In summary, Jitsi Meet is a powerful and flexible tool that has gained popularity thanks to its open-source nature and ease of use. It’s an excellent alternative for those seeking a secure video conferencing solution without the need for costly licenses.
Next we will show how to install JitSi Meet on Debian 12, we will brand it and integrate it with VitalPBX.
Prerequisites
1.-Hardware Minimum Requirements
- 4GB RAM
- 5GHz CPU
- 50GB Disk
- 1GB Net
2.- Software Requirements
- Ubuntu 22.04 x64
- OpenJDK 11 (Tests were carried out with V17 and there are audio and video problems).
- A Valid FQDN Domain
If you want to know more about the Jitsi Meet requirements, the following link will be very useful to you.
https://jitsi.github.io/handbook/docs/devops-guide/devops-guide-requirements/
Installation
If you wish to carry out the White Label with the VitalPBX brand automatically, we recommend the following link:
https://github.com/VitalPBX/VitalPBX-Meet
If you want to do the installation step by step and learn how to do a White label and integration with VitalPBX, we recommend you continue reading the instructions in this blog.
1.- Update the OS
sudo apt -y update
2.- Install the Firewall
sudo apt -y install ufw
3.- Setup and configure your firewall
The following ports need to be open in your firewall, to allow traffic to the Jitsi Meet server:
- 80 TCP => For SSL certificate verification / renewal with Let’s Encrypt. Required
- 443 TCP => For general access to Jitsi Meet. Required
- 10000 UDP => For General Network Audio/Video Meetings. Required
- 22 TCP => For Accessing your Server using SSH (change the port accordingly if it’s not 22). Required
- 3478 UDP => For querying the stun server (coturn, optional, needs config.js change to enable it).

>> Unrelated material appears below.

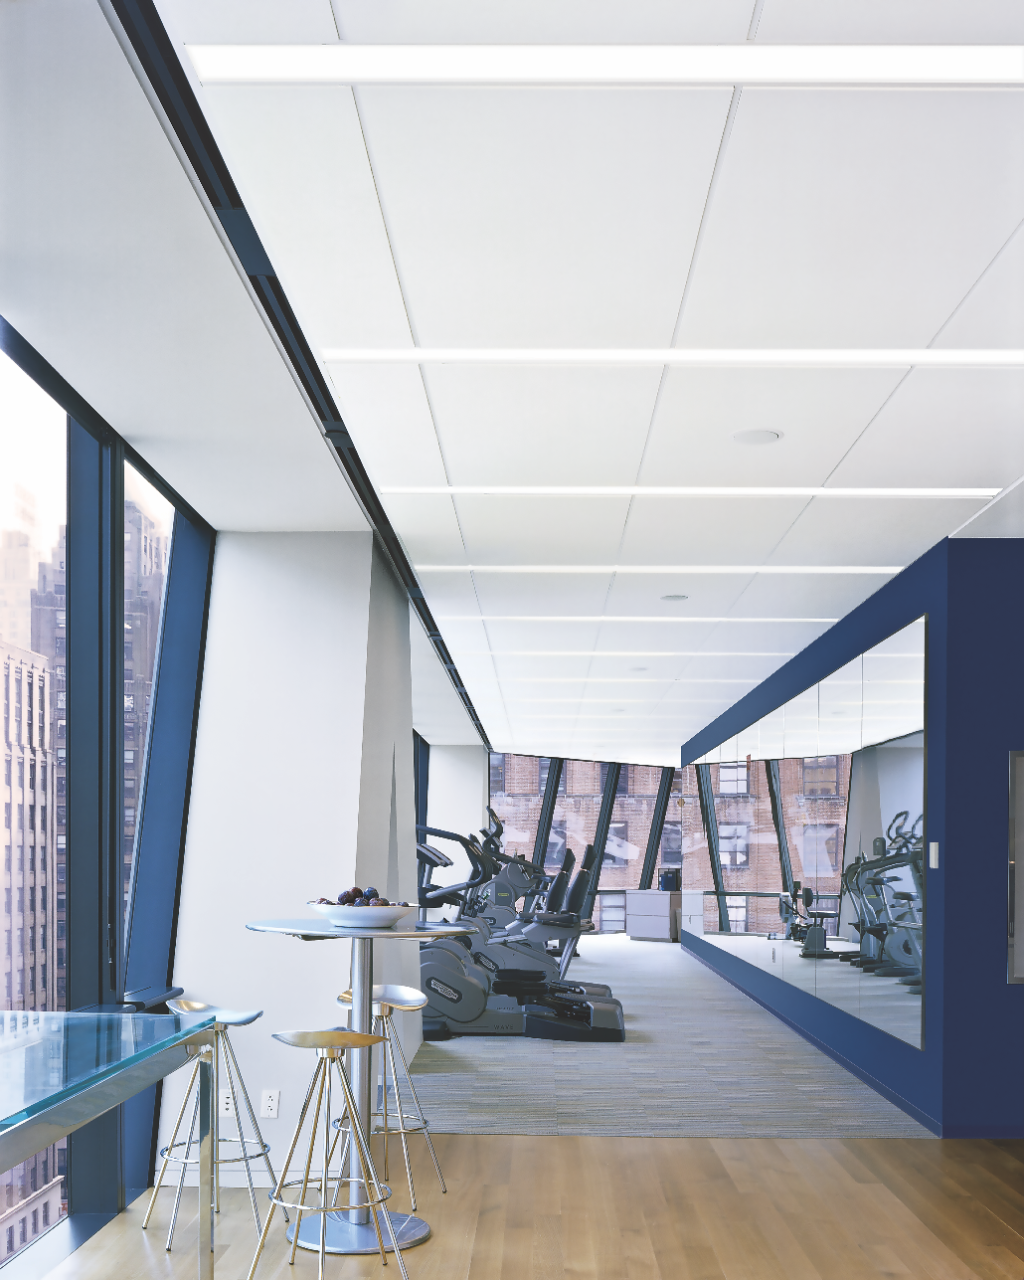 USG Halcyon™ Logix™ acoustical ceiling panels
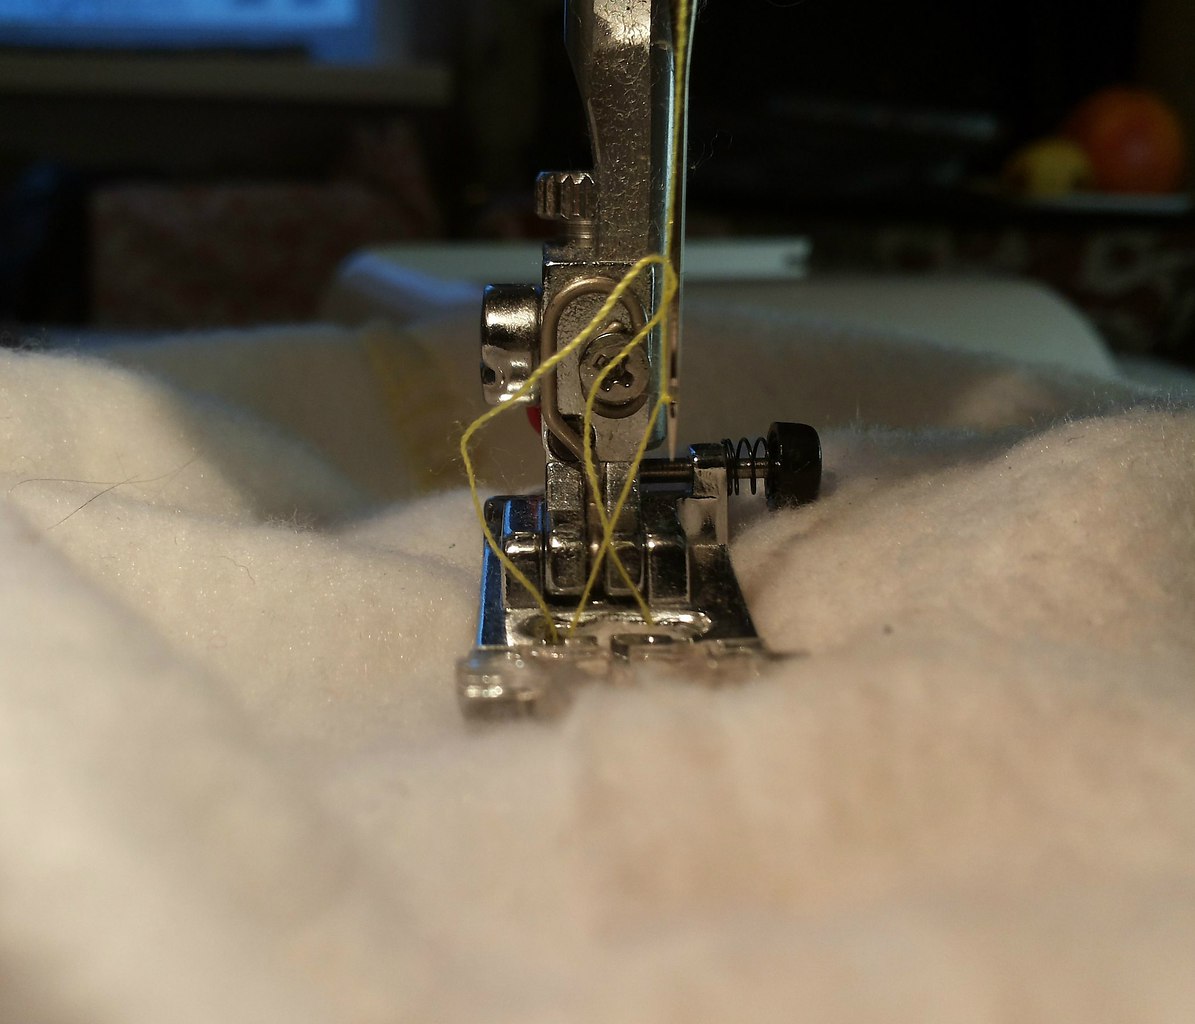 Почему путается нитка в швейной машинке

- 5349 TCP => For fallback network video/audio communications over TCP (when UDP is blocked for example), served by coturn. Required
sudo ufw allow in ssh
sudo ufw allow 80/tcp
sudo ufw allow 443/tcp
sudo ufw allow 4443/tcp
sudo ufw allow 10000:20000/udp
sudo ufw allow 3478/udp
sudo ufw allow 5349/tcp
sudo ufw enable
Command may disrupt existing ssh connections. Proceed with operation (y|n)? y
Check the firewall status with:
sudo ufw status verbose
Status: active
Logging: on (low)
Default: deny (incoming), allow (outgoing), disabled (routed)
New profiles: skip
To Action From
-- ------ ----
22/tcp ALLOW IN Anywhere
80/tcp ALLOW IN Anywhere
443/tcp ALLOW IN Anywhere
10000/udp ALLOW IN Anywhere
3478/udp ALLOW IN Anywhere
5349/tcp ALLOW IN Anywhere
22/tcp (v6) ALLOW IN Anywhere (v6)
80/tcp (v6) ALLOW IN Anywhere (v6)
443/tcp (v6) ALLOW IN Anywhere (v6)
10000/udp (v6) ALLOW IN Anywhere (v6)
3478/udp (v6) ALLOW IN Anywhere (v6)
5349/tcp (v6) ALLOW IN Anywhere (v6)
The Firewall is now activated and enabled on system startup.
Install Jitsi Meet
Before Install
Before starting the installation process, remember that you must have your NS server pointing the domain or sub-domain to the IP of the server where we are going to install JitSi Meet.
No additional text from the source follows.